Each year, the Employee Benefit Research Institute (EBRI) and Investment Company Institute (ICI) publish an annual study on the impact of consistent 401(k) plan participation. In the latest study, EBRI/ICI considered “consistent participants” as those 8.8 million people who actively contributed to the same 401(k) plan for a four-year period (from 2010 to 2014).
In this study, three remarkable insights emerged.
Retirement accounts are growing.
“Overall, the average account balance increased at a compound annual average growth rate of 15.5 percent from 2010 to 2014,” stated the EBRI website, creating an average account balance of $130,493 for plan participants.
Especially when you stick to the plan.
At the end of 2014, average account balance among consistent participants was 1.7 times the average account balance among all 24.9 million participants in the EBRI/ICI 401(k) database. In addition, those who participated consistently (again, on the same plan over all four years), had a median balance that was over three times that of their peers.
As one would expect, 401k account balances tend to increase with age and job tenure. In fact, among consistent participants, over 40% of plan participants have balances of over $100,000 in their retirement accounts with their current employers. Nearly 25% have account balances over $200,000.

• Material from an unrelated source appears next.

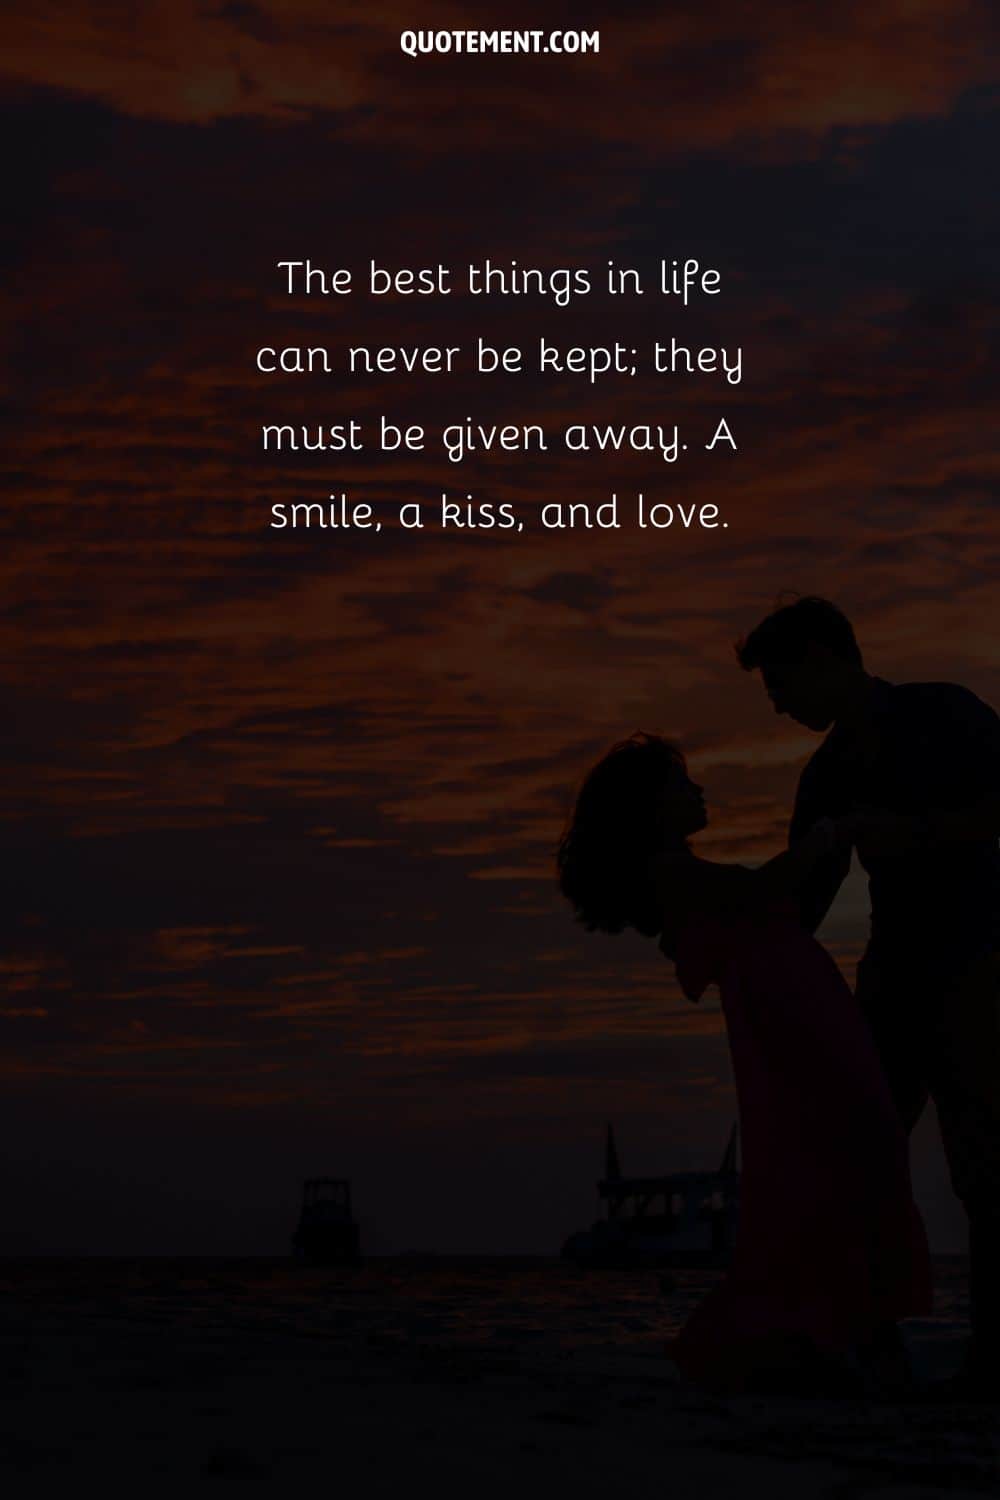 The best things in life can never be kept; they must be given away. A smile, a kiss, and love
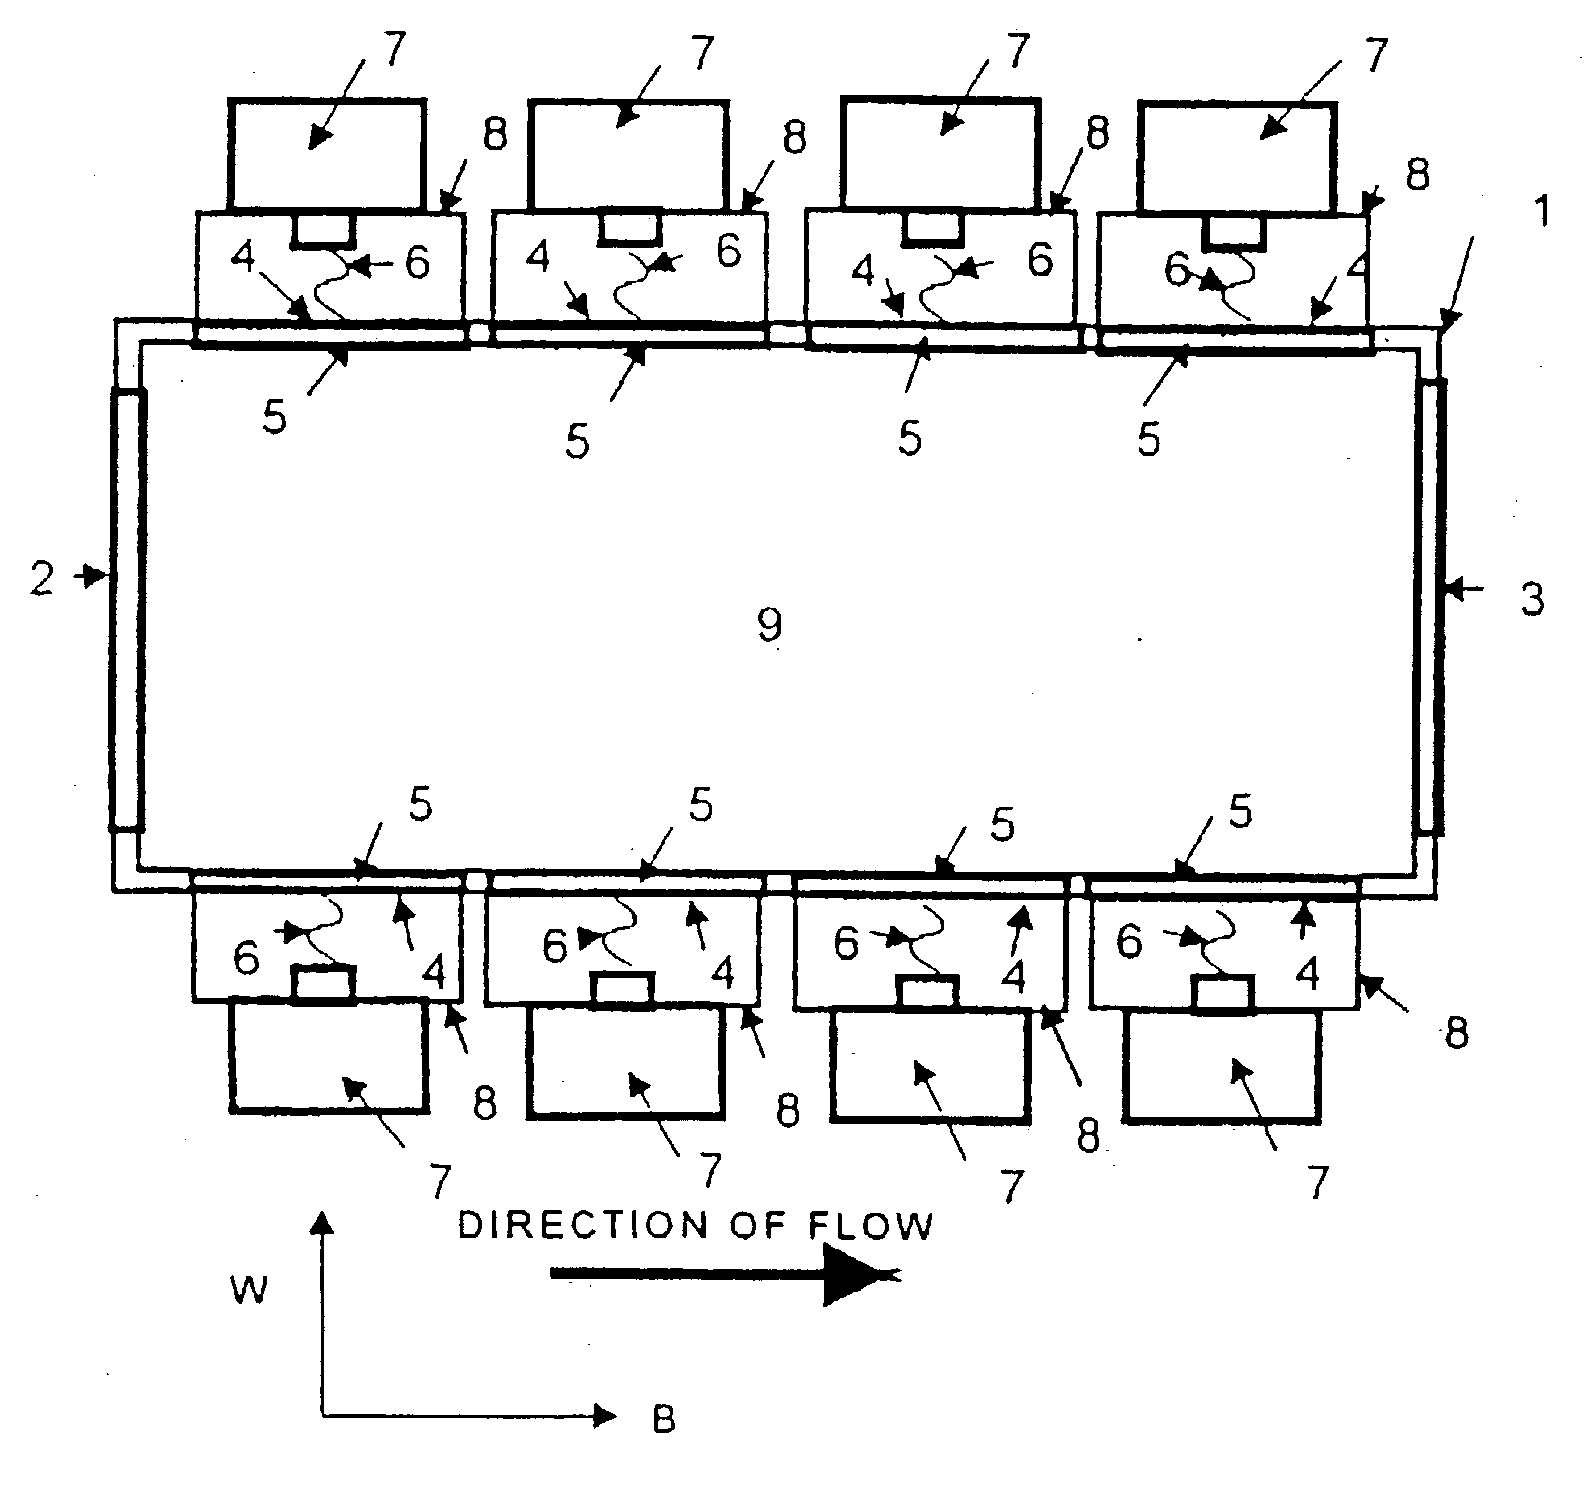 Field concentrators for artificial dielectric systems and devices

Even when the plan is the same.
The study also revealed that the asset allocation of the consistent participants was “broadly similar” to the larger group. At the end of 2014, almost two-thirds of all participants’ assets were invested in equity securities, including company stock, equity funds, the equity portion of target-date funds, or the equity portion of non-target-date balanced funds. The study also found that older 401(k) participants tended to have lower concentrations in equities than their younger counterparts.
What does it all mean? For one, it’s great news for employers and employees alike. Employers who showcase the benefits of consistent participation and contribution can leverage the information to increase employment tenure. And employees who see the benefit of increased retirement benefits may see additional value in pursuing career goals within a company structure to improve their overall net worth.